Mechanical and biological evaluations of novel electrospun PLLA composite scaffolds doped with oxide ceramics

Abstract

The objective of this study is to evaluate the in vitro performance of the novel electrospun composite scaffolds that are made of 10% PLLA in binary solvents (75 vol% dichloromethane: 25 vol% acetone) doped with 0.1 wt% of oxide ceramic powders (Hafnium dioxide (HfO2), titanium dioxide (TiO2), zirconium dioxide (ZrO2) and silicon dioxide (SiO2)). These composite scaffolds were characterized microscopically (SEM, TEM and EDX), mechanically (Vickers hardness and tensile strength) and in in vitro cell studies (biomineralization, protein absorption, and cytocompatibility) with MC3T3 pre-osteoblasts.
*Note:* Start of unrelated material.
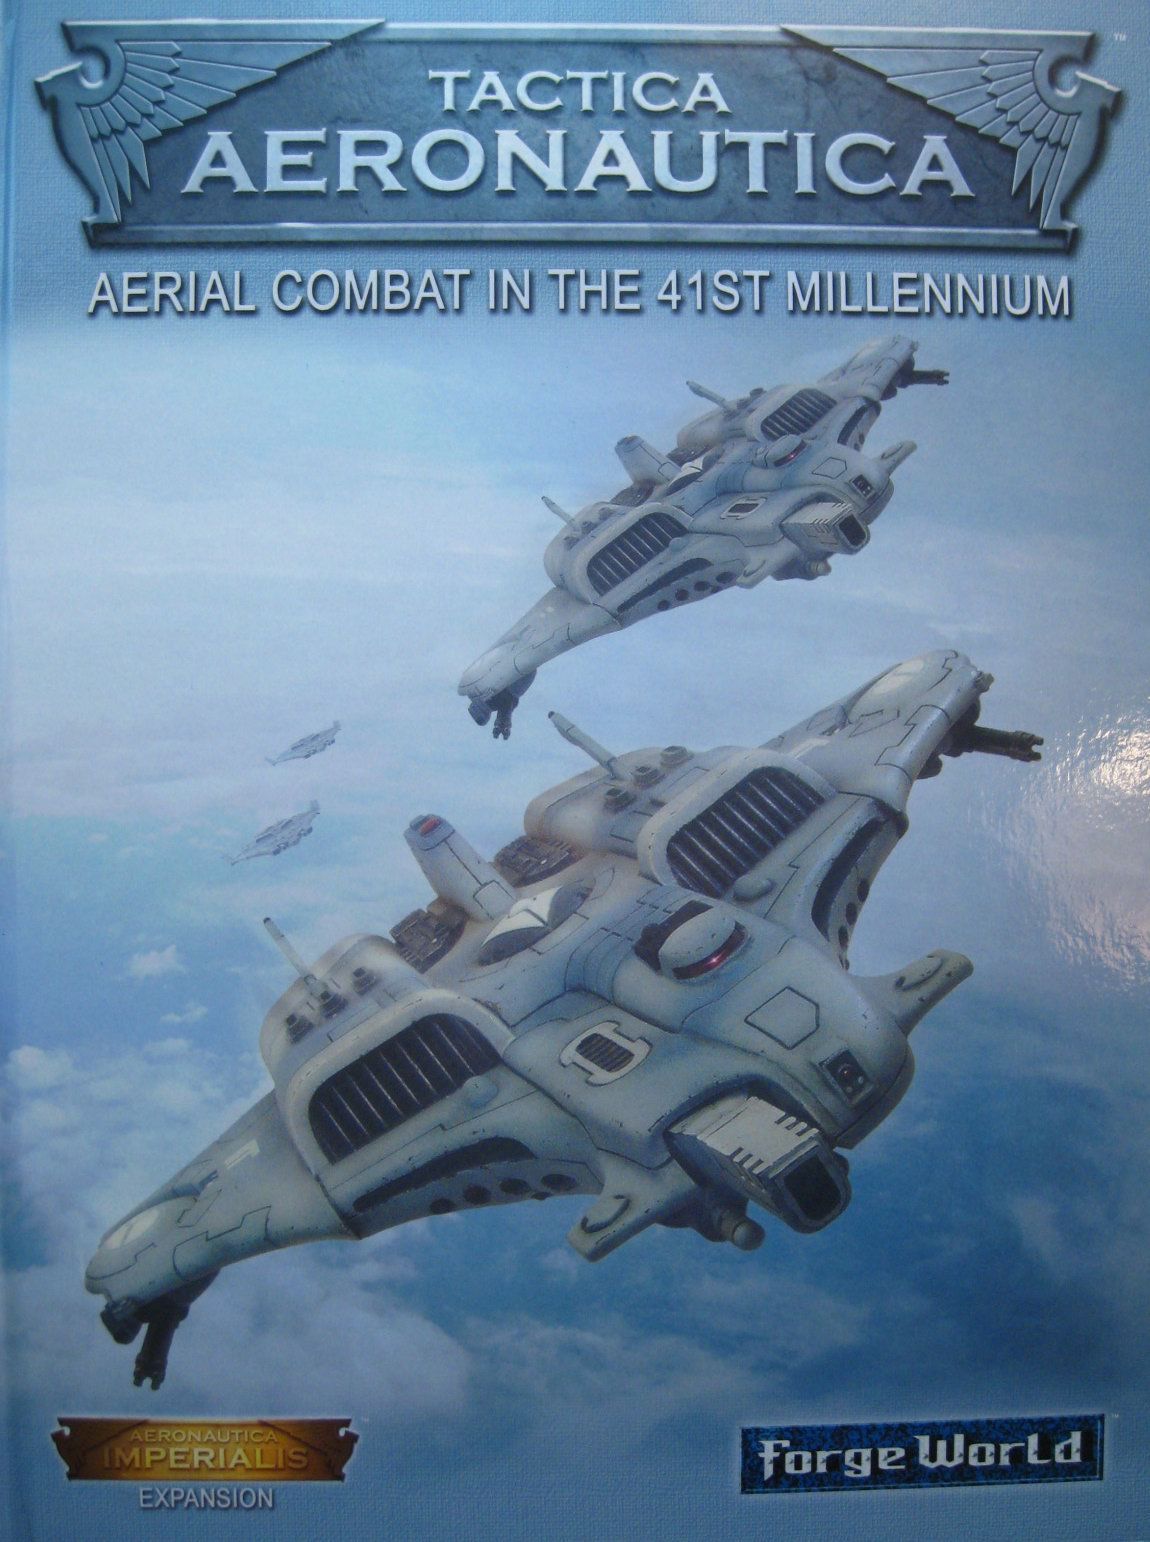 Aeronautica Imperialis: Tactica Aeronautica

The combination of PLLA polymer with oxide ceramics was indicated to be able to provide osteogenic properties that can enhance osteoblastic cell proliferation. In particular, results from the study demonstrated that the presence of zirconia and hafnia in the PLLA/ZrO2 and PLLA/HfO2 composite scaffolds could increase cell proliferation, protein adsorption and biomineralization properties significantly more than other two groups’ scaffolds. PLLA/TiO2 provided the best mechanical strength than others (p < 0.05). To conclude, the novel composite scaffolds, which are promising biomaterials for tissue engineering, could be manufactured easily by electrospinning techniques.